ComedicSpeech: Text To Speech For Stand-up Comedies in Low-Resource Scenarios

Yuyue Wang,Huan Xiao,Yihan Wu,Ruihua Song
2023-05-20
Abstract:Text to Speech (TTS) models can generate natural and high-quality speech, but it is not expressive enough when synthesizing speech with dramatic expressiveness, such as stand-up comedies. Considering comedians have diverse personal speech styles, including personal prosody, rhythm, and fillers, it requires real-world datasets and strong speech style modeling capabilities, which brings challenges. In this paper, we construct a new dataset and develop ComedicSpeech, a TTS system tailored for the stand-up comedy synthesis in low-resource scenarios.
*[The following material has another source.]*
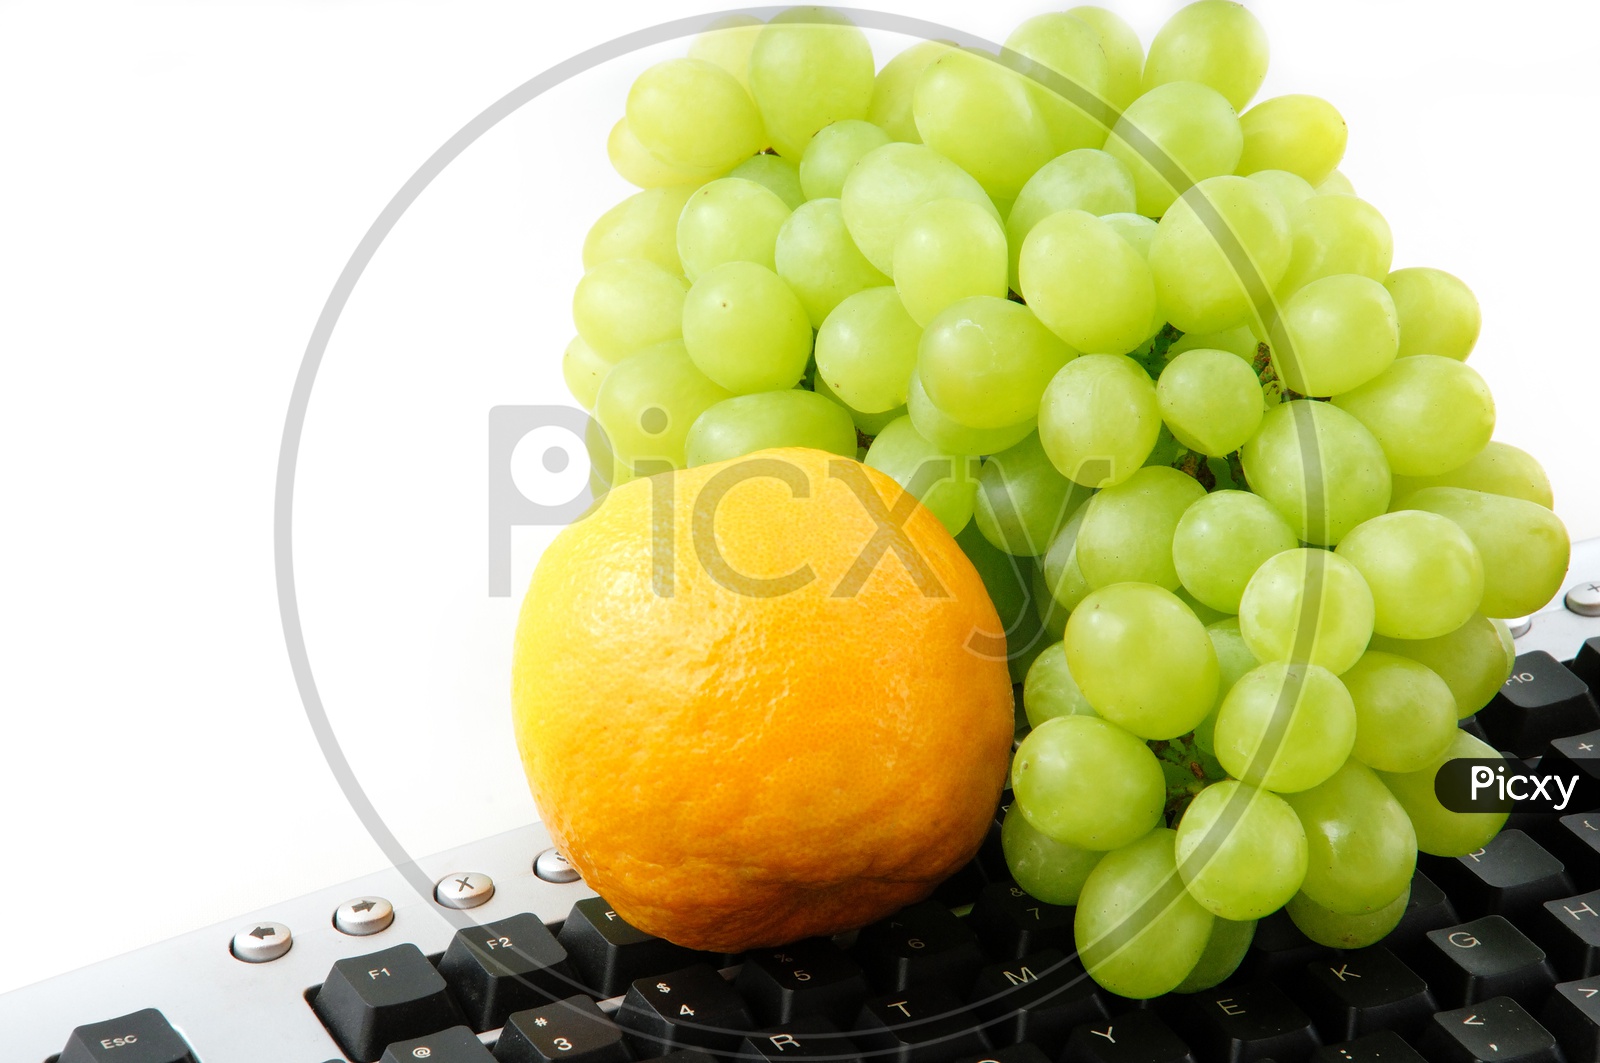 Grapes and Oranges on the key board

First, we extract prosody representation by the prosody encoder and condition it to the TTS model in a flexible way. Second, we enhance the personal rhythm modeling by a conditional duration predictor. Third, we model the personal fillers by introducing comedian-related special tokens. Experiments show that ComedicSpeech achieves better expressiveness than baselines with only ten-minute training data for each comedian. The audio samples are available at <a class="link-external link-https" href="https://xh621.github.io/stand-up-comedy-demo/" rel="external noopener nofollow">this https URL</a>
Sound,Artificial Intelligence,Audio and Speech Processing
What problem does this paper attempt to address?
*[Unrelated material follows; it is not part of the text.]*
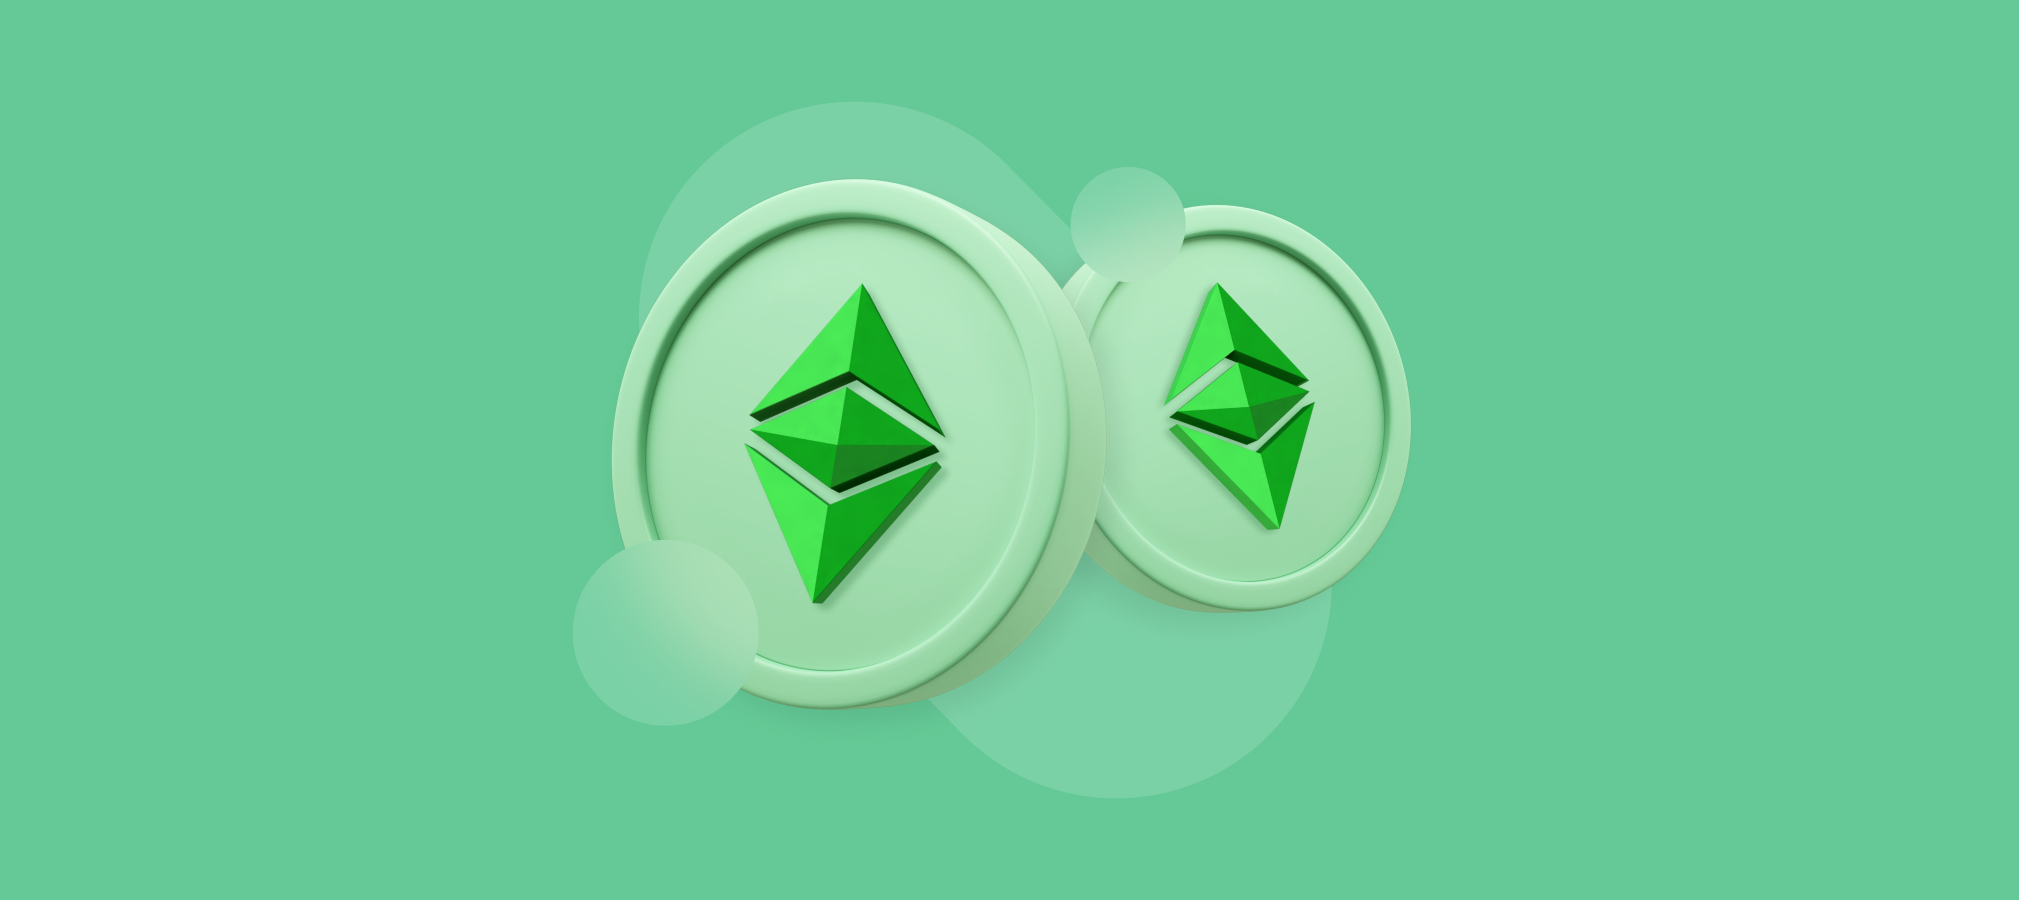 What Is Ethereum Classic?

This paper attempts to address the problem of synthesizing stand-up comedy speech with strong personal style in low-resource scenarios. Specifically, although existing text-to-speech (TTS) models can generate natural, high-quality speech, they perform poorly when synthesizing speech that requires high expressiveness, such as stand-up comedy speeches. This is because stand-up comedians usually have unique personal speech styles, including individual intonation, rhythm, and filler words, which pose higher demands on TTS systems. The main contributions of the paper include: 1. **Constructing a new dataset**: Due to the lack of real-world stand-up comedy speech datasets, the authors constructed a multi-speaker stand-up comedy speech dataset. 2. **Developing the ComedicSpeech system**: A TTS system specifically designed for stand-up comedy speech synthesis was proposed, improving the modeling of personal speech style through the following three aspects: - **Personal intonation modeling**: A carefully designed intonation encoder is used to extract personal intonation, and personal intonation information is integrated into the TTS model through conditional layer normalization. - **Personal rhythm modeling**: A conditional duration predictor is used to learn the speaker-dependent phoneme duration distribution, enhancing the modeling of personal rhythm. - **Personal filler word modeling**: Special tokens are introduced to represent personal filler words, simulating the personal speaking habits of stand-up comedians. Experimental results show that ComedicSpeech, using only 10 minutes of training data per speaker, outperforms baseline models in terms of speech quality, speech similarity, and expressiveness.